In addition, subgroup analysis showed that consistency of non-prospective studies had significantly been decreased (Supplement 4), indicating the parameter prodesign may be a factor of heterogeneity in the included studies. The results of uNGAL in hierarchical summary receiver operating characteristic model presented β –0.51 (95% CI –143–0.4, Z = –1.09, P = .274) that reflect the SROC was symmetric, and the effect index representing discriminant ability λ 2.96 (95% CI 1.86–4.05), prompting a moderate diagnostic value of uNGAL for AKI. Similarly, β was 0.51 (95% CI –0.43–1.44, Z = 1.06, P = .289) for uIL-18 also reflected symmetric SROC and λ 1.41 (95% CI 0.53–2.29) prompted a moderate diagnostic value (Fig. 5, Supplement 5). Obviously, uNGAL was more significantly valuable than uIL-18 that had been verified in this model.

Figure 5.

Figure 5

Hierarchical summary receiver operating characteristic (HSROC) plot of urine neutrophil gelatinase-associated lipocalin (NGAL) and interleukin-18 to predict acute kidney injury.
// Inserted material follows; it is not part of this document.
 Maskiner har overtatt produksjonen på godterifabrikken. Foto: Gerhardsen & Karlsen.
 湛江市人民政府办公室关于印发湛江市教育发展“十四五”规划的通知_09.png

These data are based on the combined sensitivity and specificity weighted for the sample size of each data set reflected by the size of the circles, showing the average sensitivity and specificity estimate of the study results (solid square).

4. Discussion

More recently, numerous clinical studies have focused on the diagnostic accuracy of biomarkers in predicting AKI since accumulating evidence demonstrating the weak ability of “gold standard” Scr level.[18] Among these promising biomarkers approved lately, NGAL and IL-18 were understanding as a quick, accurate, and precise marker of genomic, transcriptomic, and proteomics techniques,[29,18] which implies that they could become a practical clinical test for diagnosis of AKI. IL-18 is synthesized as an inactive 23-kDa precursor mainly in proximal tubular epithelial cells and getting into tubular fluid after activated. Our choice for urine NGAL but not plasma or serum was in order to avoid the heterogeneity between blood and urine samples. Therefore, we only included the initial researches with needed data containing both uNGAL and uIL-18. Substantial studies existed only considering single uNGAL or uIL-18 were excluded.
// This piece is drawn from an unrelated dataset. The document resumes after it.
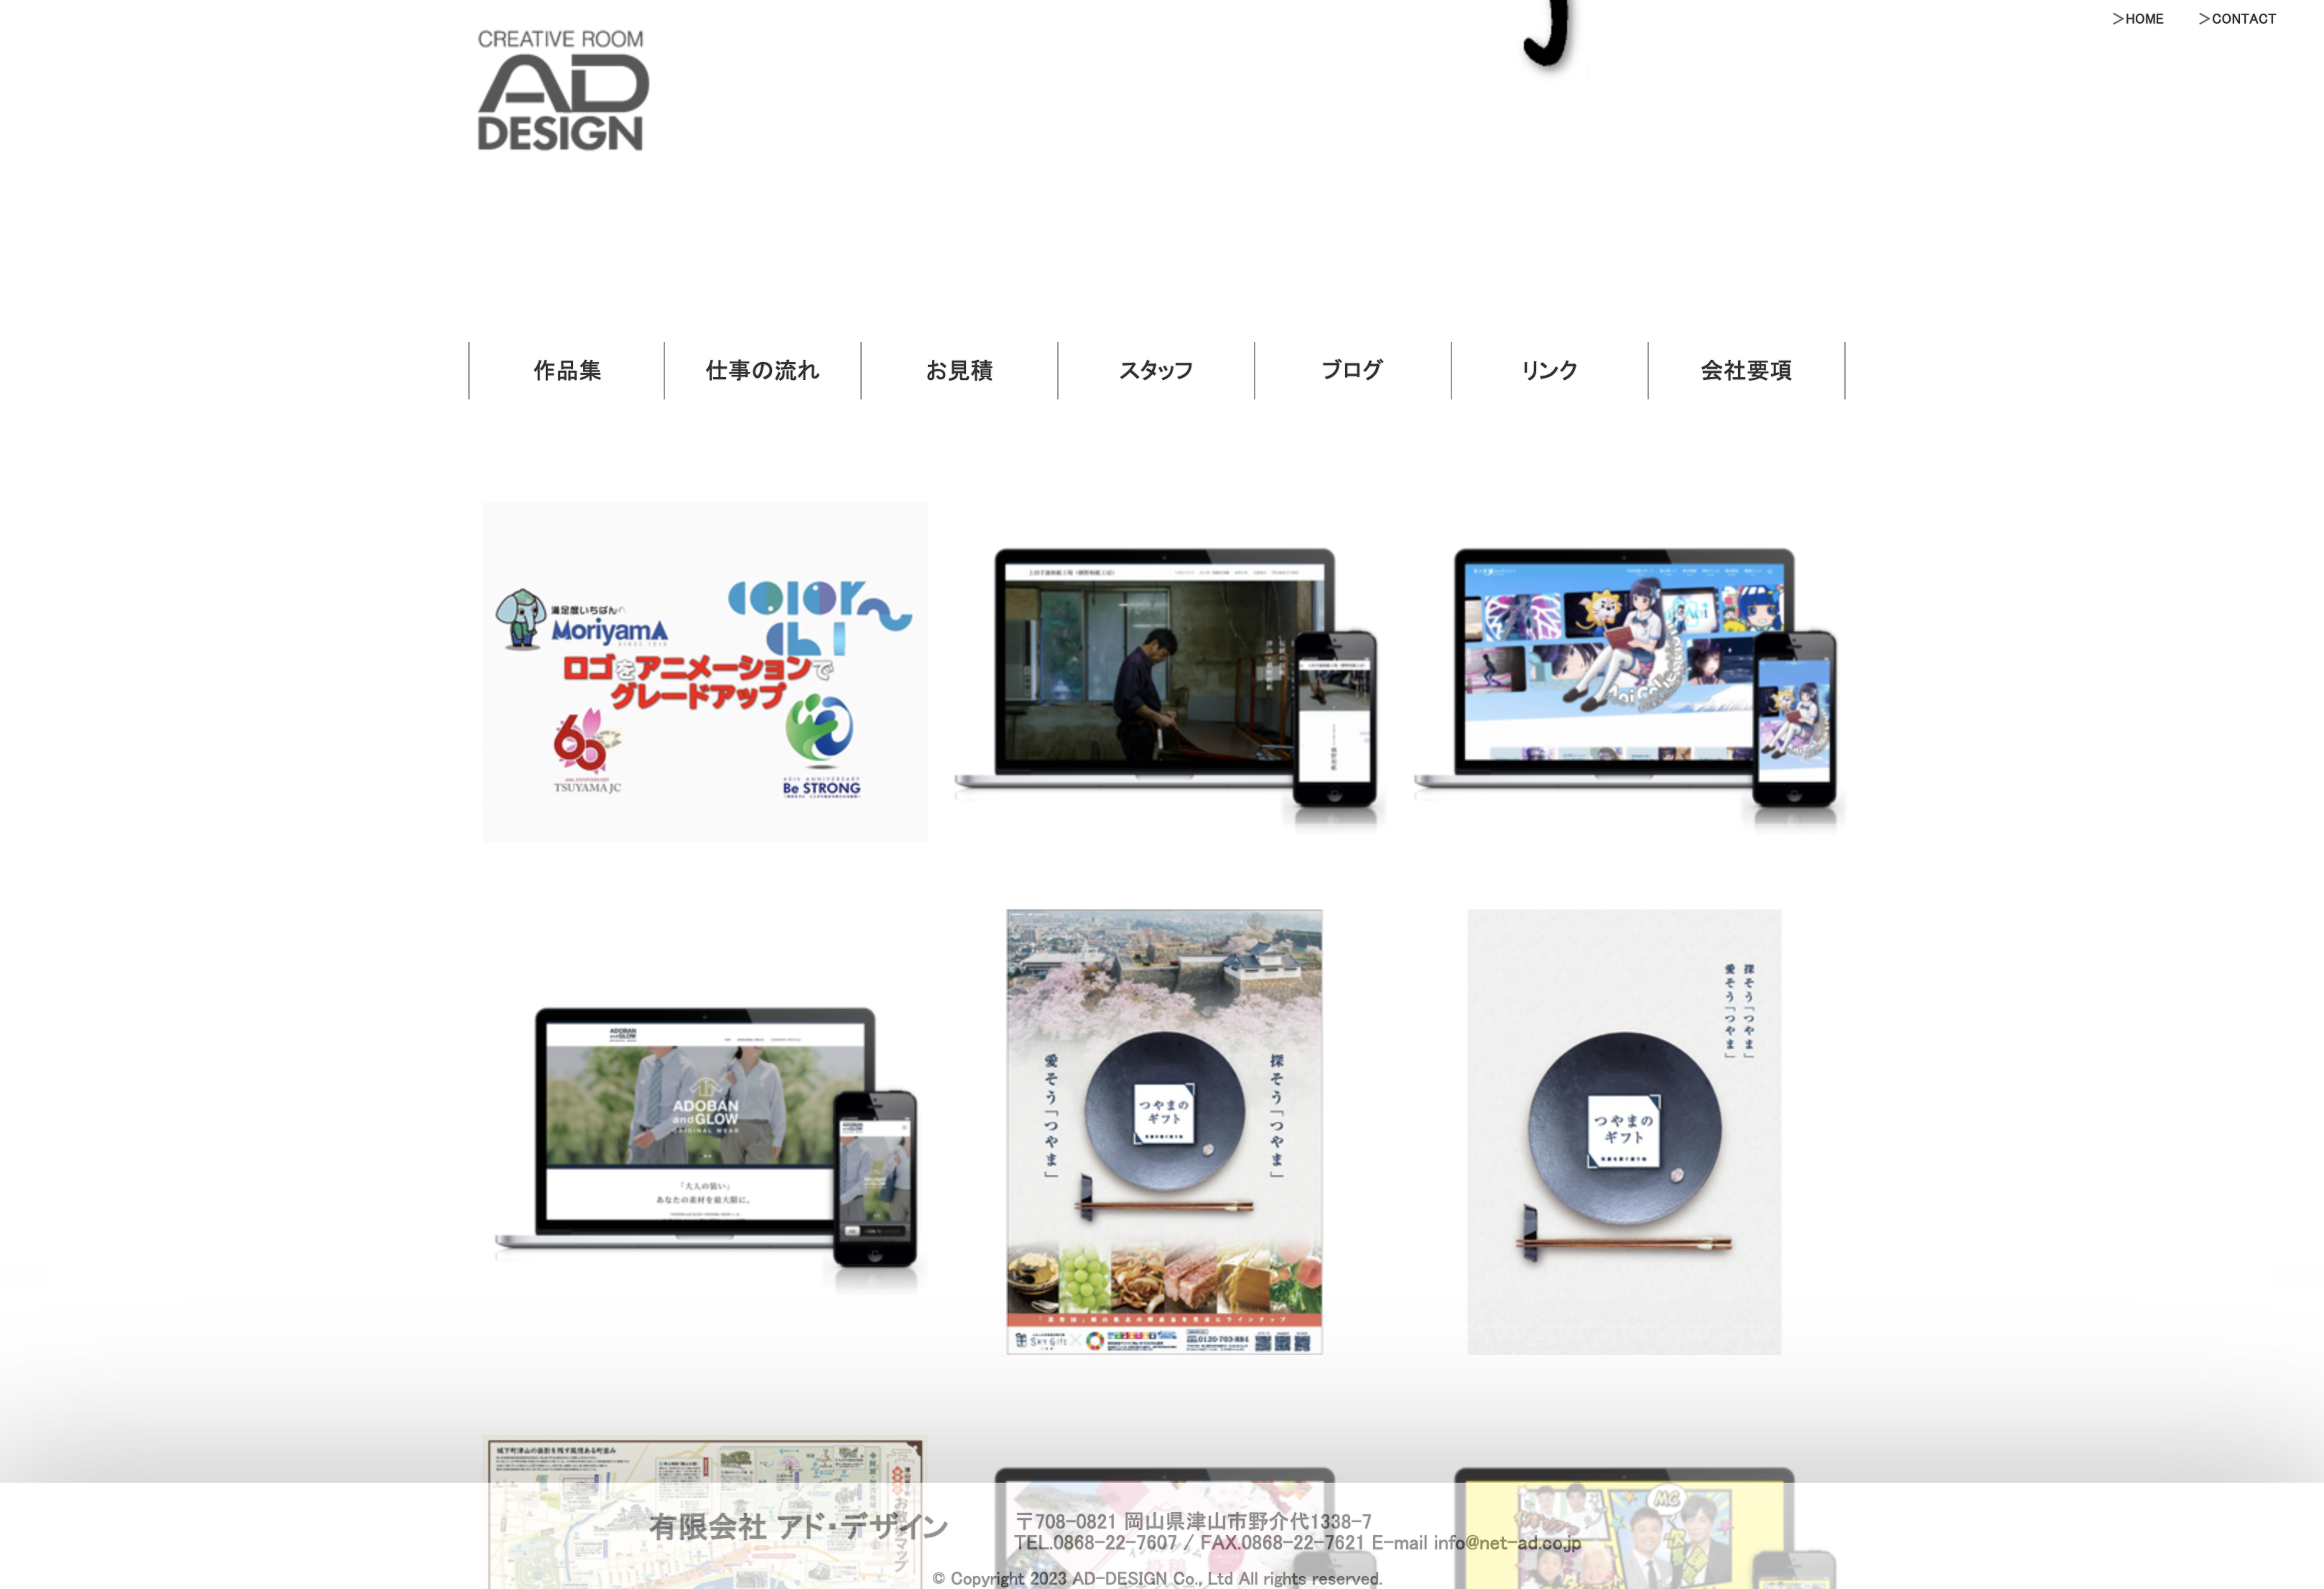 有限会社アドデザインの有限会社アド・デザイン:Web広告サービス

Overall, the present meta-analysis has shown the superiority of uNGAL levels to uIL-18 for predicting the progression of AKI, which was demonstrated by the above values including the effect size of specificity, positive likelihood ratio, negative likelihood ratio, AUROC, and even the Lambda of HSROC.
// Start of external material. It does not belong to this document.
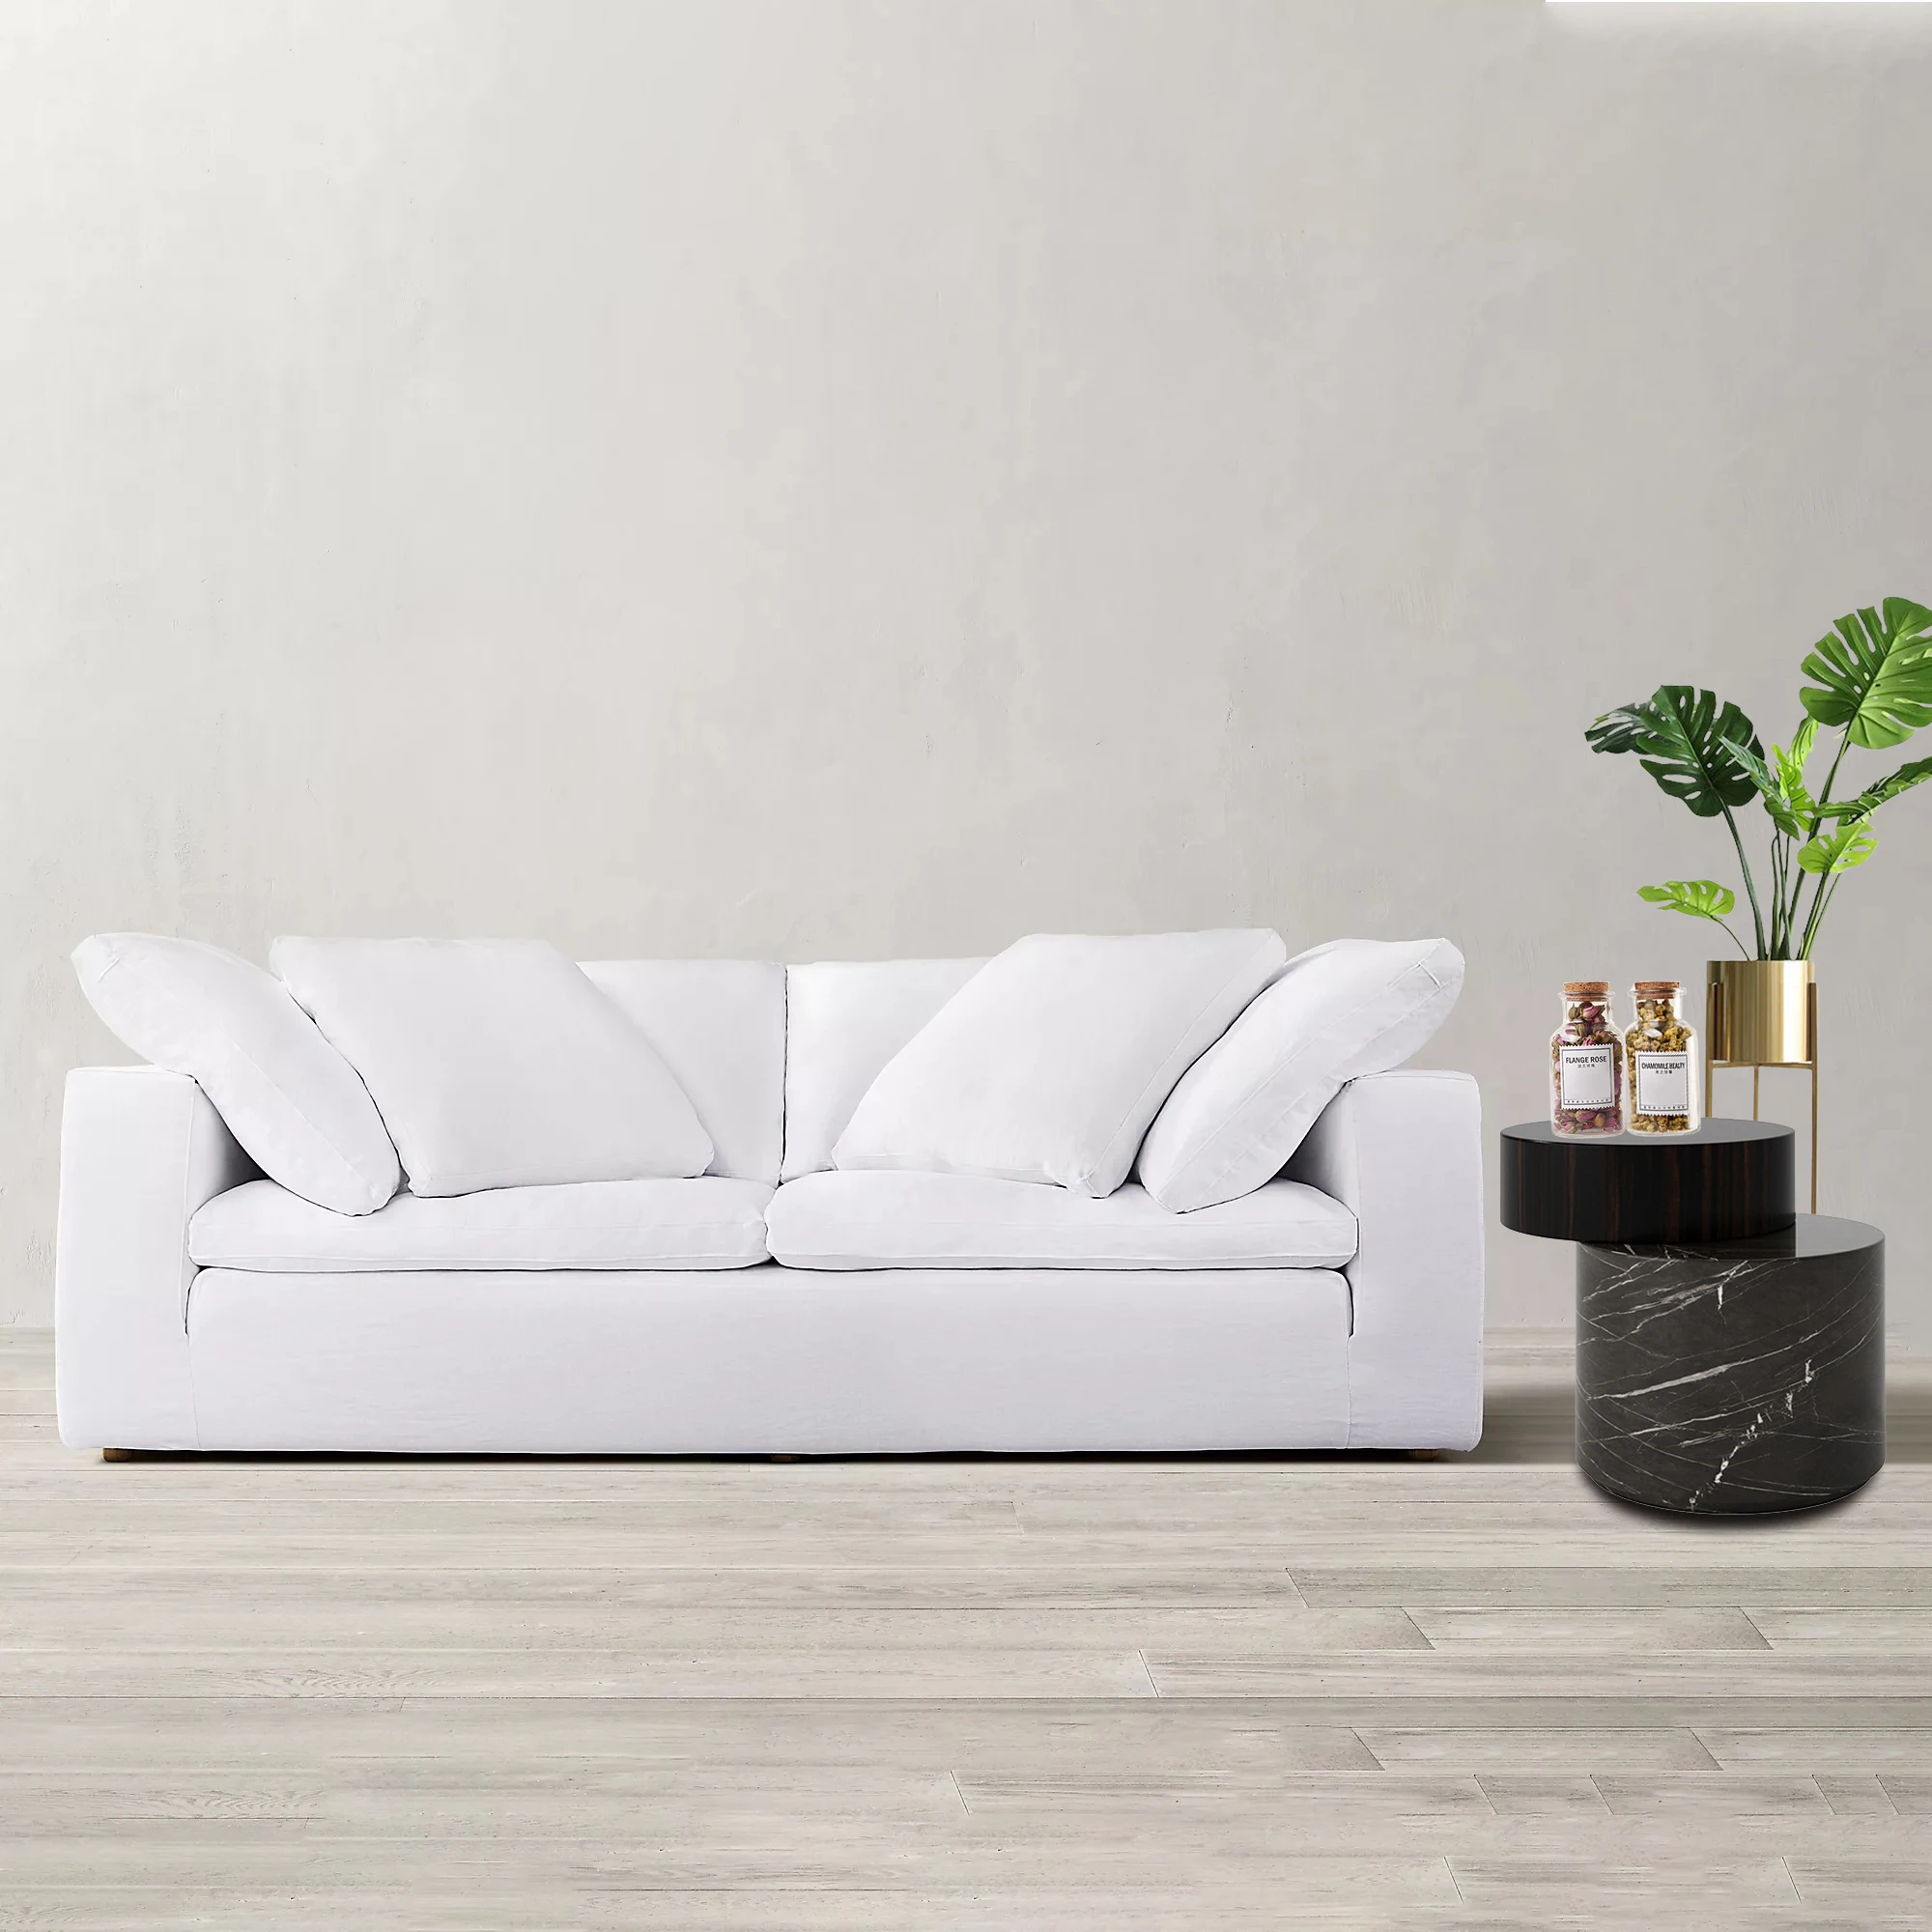 

Modern Velvet Upholstered Fabrics Sofa White and Cream Loveseat Couch with Armrest Living Room 2 Seater Sofas

One limitation of this analysis was the heterogeneity with these studies based on different institutions across the world. Meanwhile, varying time of biomarkers measurement, different definitions and various settings of AKI were used in the individual studies. For a predictive biomarker, it is important to determine the cutoff value between the health and disease group. However, we could not calculate the ideal cutoff value of uNGAL or uIL-18 for lack of raw data. We wish to finish it in our continued study. Threshold effects induced by variable cutoff values of the included studies may lead to the heterogeneity. But our analysis did not present the threshold effects. The cause of non-threshold effects maybe the design of studies (non-prospective ones reduce diagnostic effect both of uNGAL and uIL-18) and the study conducted by Liangos et al[39] which raised integral value of uNGAL. Included studies in this meta-analysis were constructed with a wide range of clinical settings. Our result is applicable with great most patients to a certain extent. However, AKI is also a defect associated with other comorbidities such as diabetes, arteriosclerosis, and higher immunological experience, which interfered with the sensitivity and specificity of the diagnostic test. Finally, the statistical approach used in this study is not capable of considering the different AKI severity stages on the analysis of the accuracy of the biomarkers.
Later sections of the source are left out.